Department of Biostatistics, University of Michigan, Ann Arbor, Michigan, USA.
Institute for Social Research, University of Michigan, Ann Arbor, Michigan, USA.
Biometrics. 2023 Sep;79(3):2260-2271. doi: 10.1111/biom.13754. Epub 2022 Oct 9.
A dynamic treatment regime (DTR) is a sequence of decision rules that provide guidance on how to treat individuals based on their static and time-varying status. Existing observational data are often used to generate hypotheses about effective DTRs. A common challenge with observational data, however, is the need for analysts to consider "restrictions" on the treatment sequences.
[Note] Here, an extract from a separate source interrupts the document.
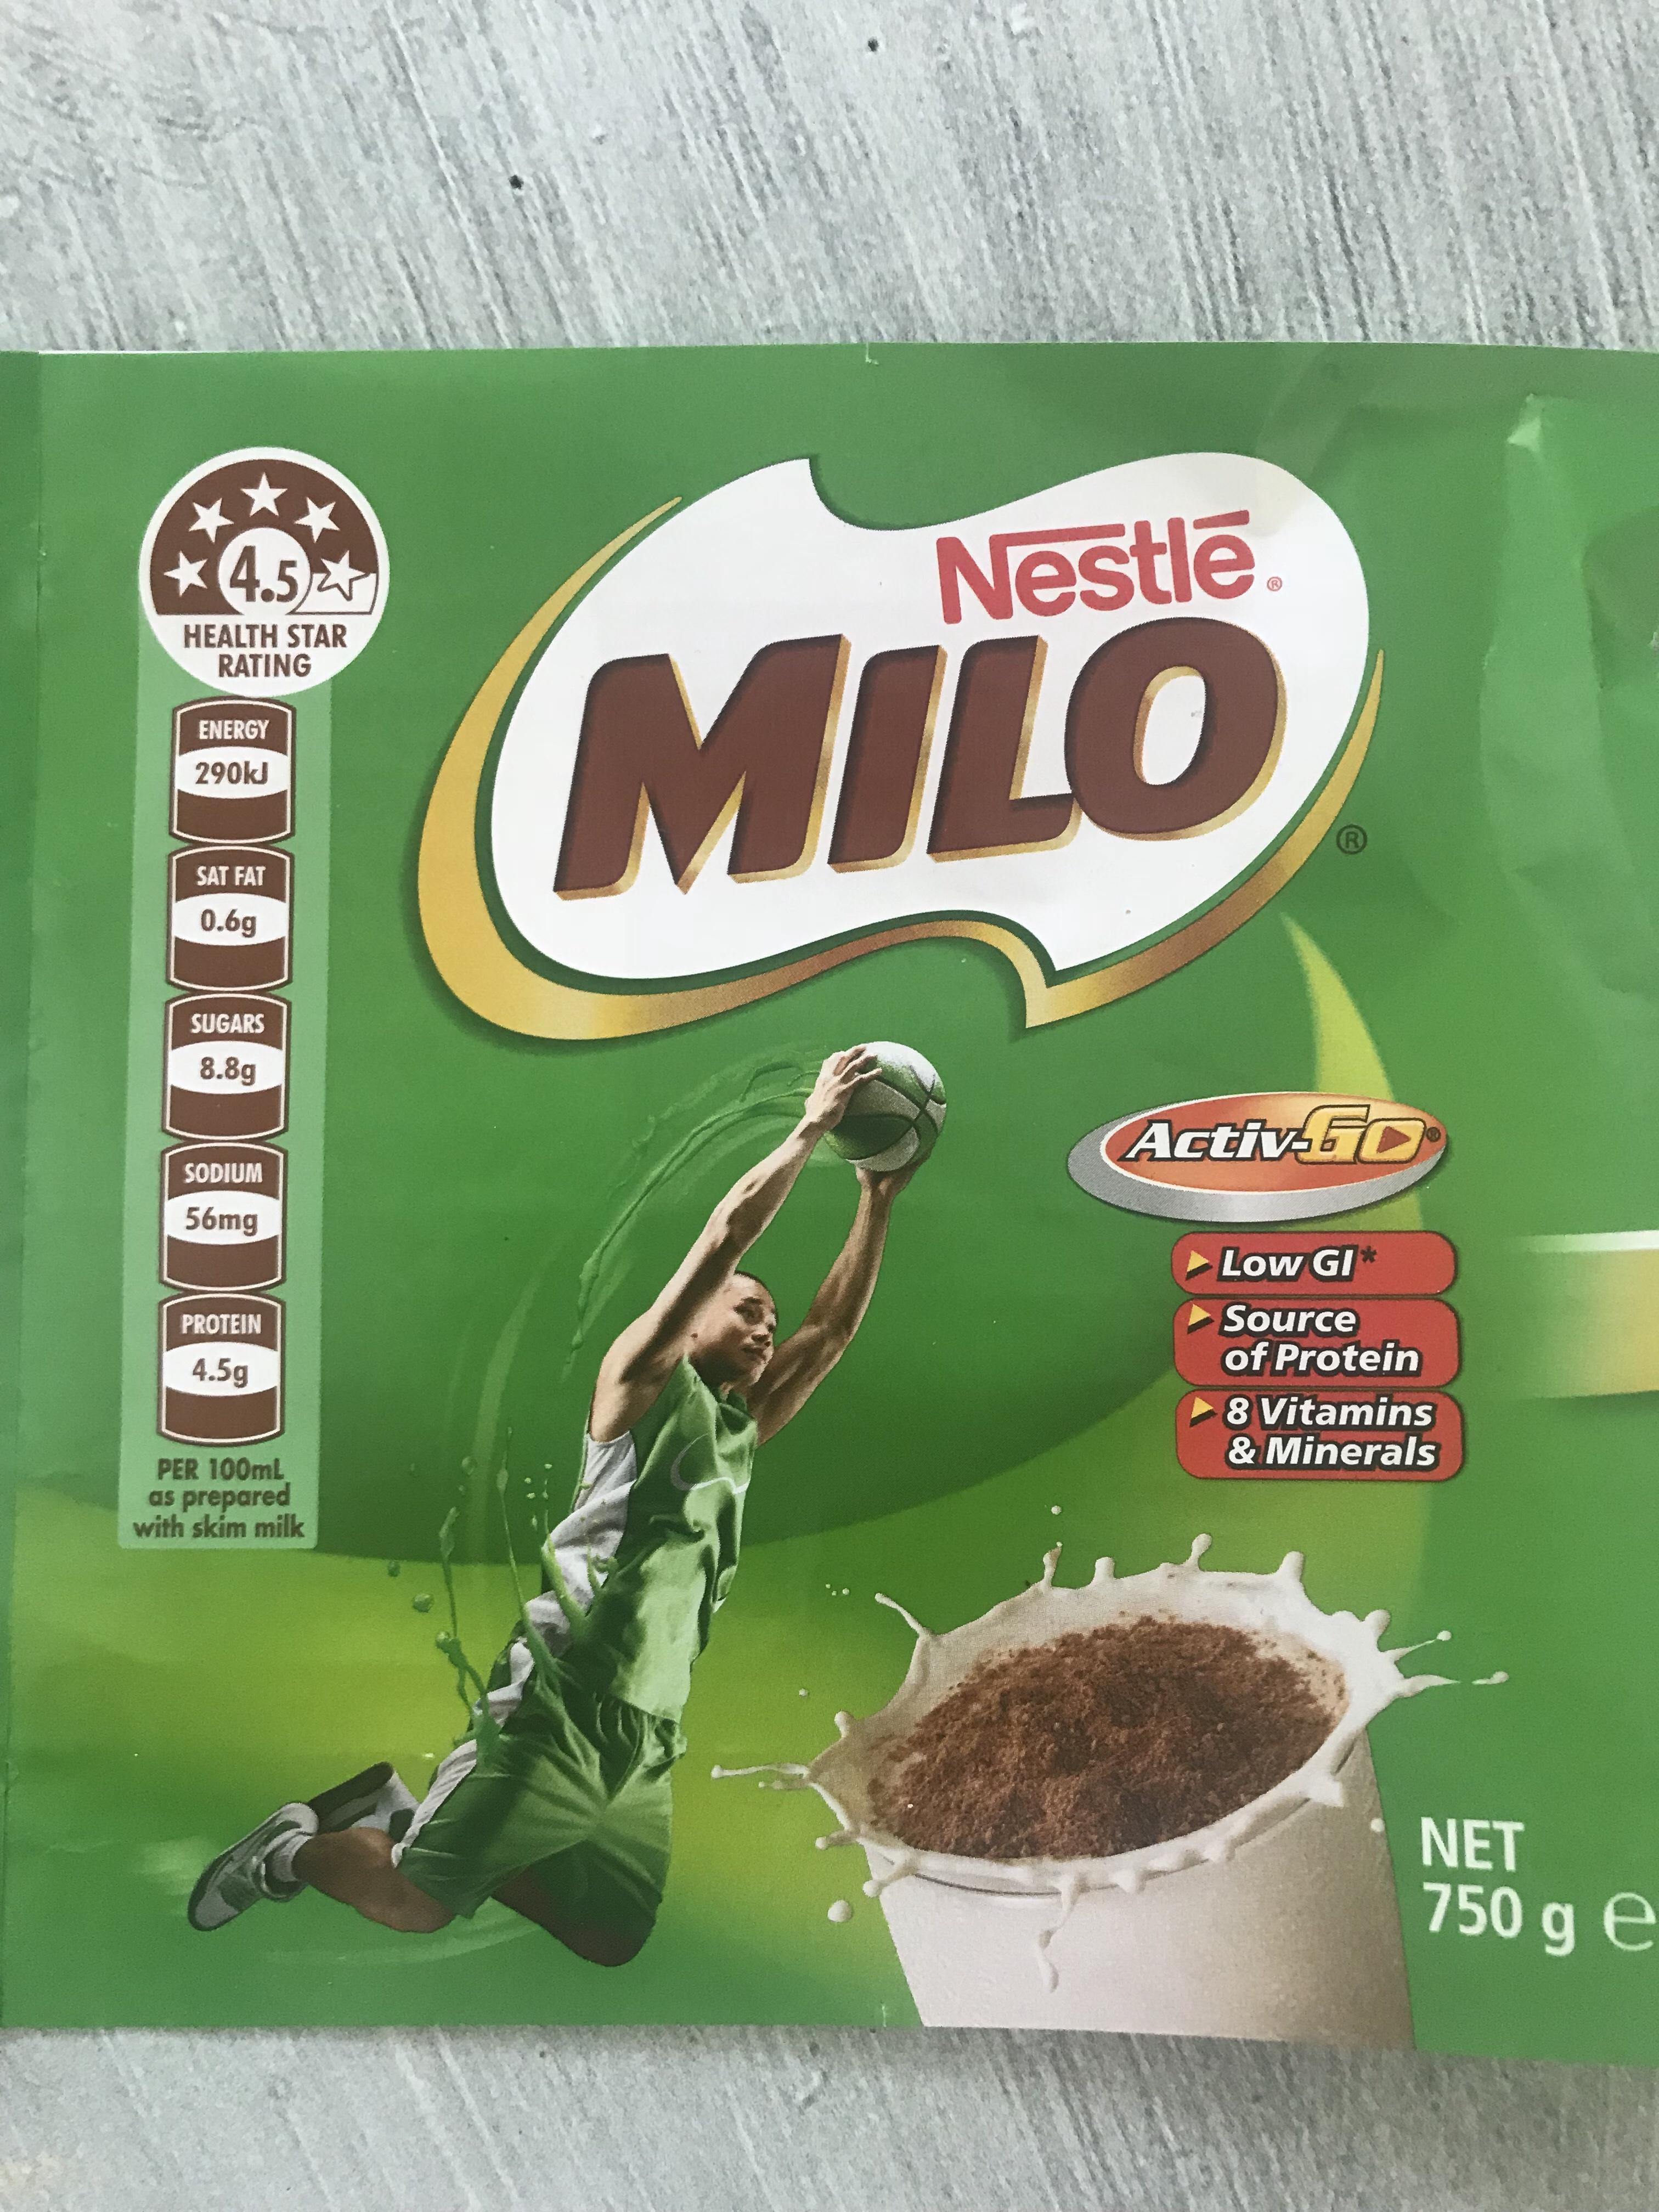 Is Milo healthy?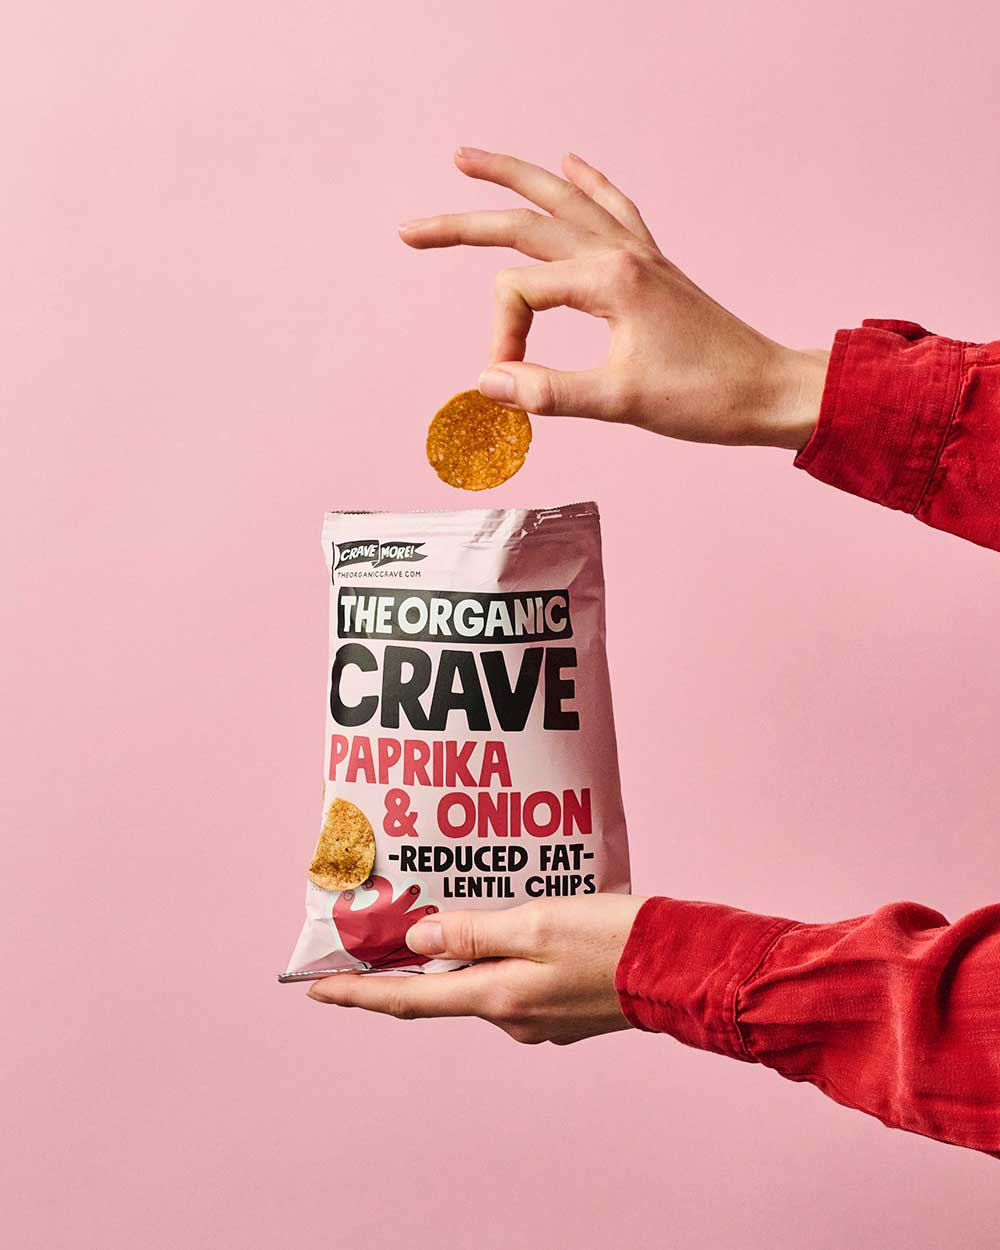 The Organic Crave

Such restrictions may be necessary for settings where (1) one or more treatment sequences that were offered to individuals when the data were collected are no longer considered viable in practice, (2) specific treatment sequences are no longer available, or (3) the scientific focus of the analysis concerns a specific type of treatment sequences (eg, "stepped-up" treatments). To address this challenge, we propose a restricted tree-based reinforcement learning (RT-RL) method that searches for an interpretable DTR with the maximum expected outcome, given a (set of) user-specified restriction(s), which specifies treatment options (at each stage) that ought not to be considered as part of the estimated tree-based DTR. In simulations, we evaluate the performance of RT-RL versus the standard approach of ignoring the partial data for individuals not following the (set of) restriction(s). The method is illustrated using an observational data set to estimate a two-stage stepped-up DTR for guiding the level of care placement for adolescents with substance use disorder.
动态治疗方案(DTR)是一系列决策规则,用于根据个体的静态和时变状态提供治疗指导。现有的观察性数据通常用于生成关于有效 DTR 的假设。然而,观察性数据通常存在一个挑战,即分析师需要考虑治疗方案的“限制”。这些限制可能是必要的,例如在以下情况下:(1)在数据收集时提供给个体的一个或多个治疗方案在实践中不再可行;(2)特定的治疗方案不再可用;(3)分析的科学重点关注特定类型的治疗方案(例如“逐步升级”的治疗)。为了解决这个挑战,我们提出了一种受限的基于树的强化学习(RT-RL)方法,该方法在给定(一组)用户指定的限制的情况下,搜索具有最大预期结果的可解释 DTR,该限制指定了在每个阶段不应该考虑的治疗方案(作为估计的基于树的 DTR 的一部分)。在模拟中,我们评估了 RT-RL 与忽略不符合(一组)限制的个体的部分数据的标准方法的性能。该方法使用一个观察性数据集进行了说明,以估计用于指导有物质使用障碍的青少年护理水平的两阶段逐步升级 DTR。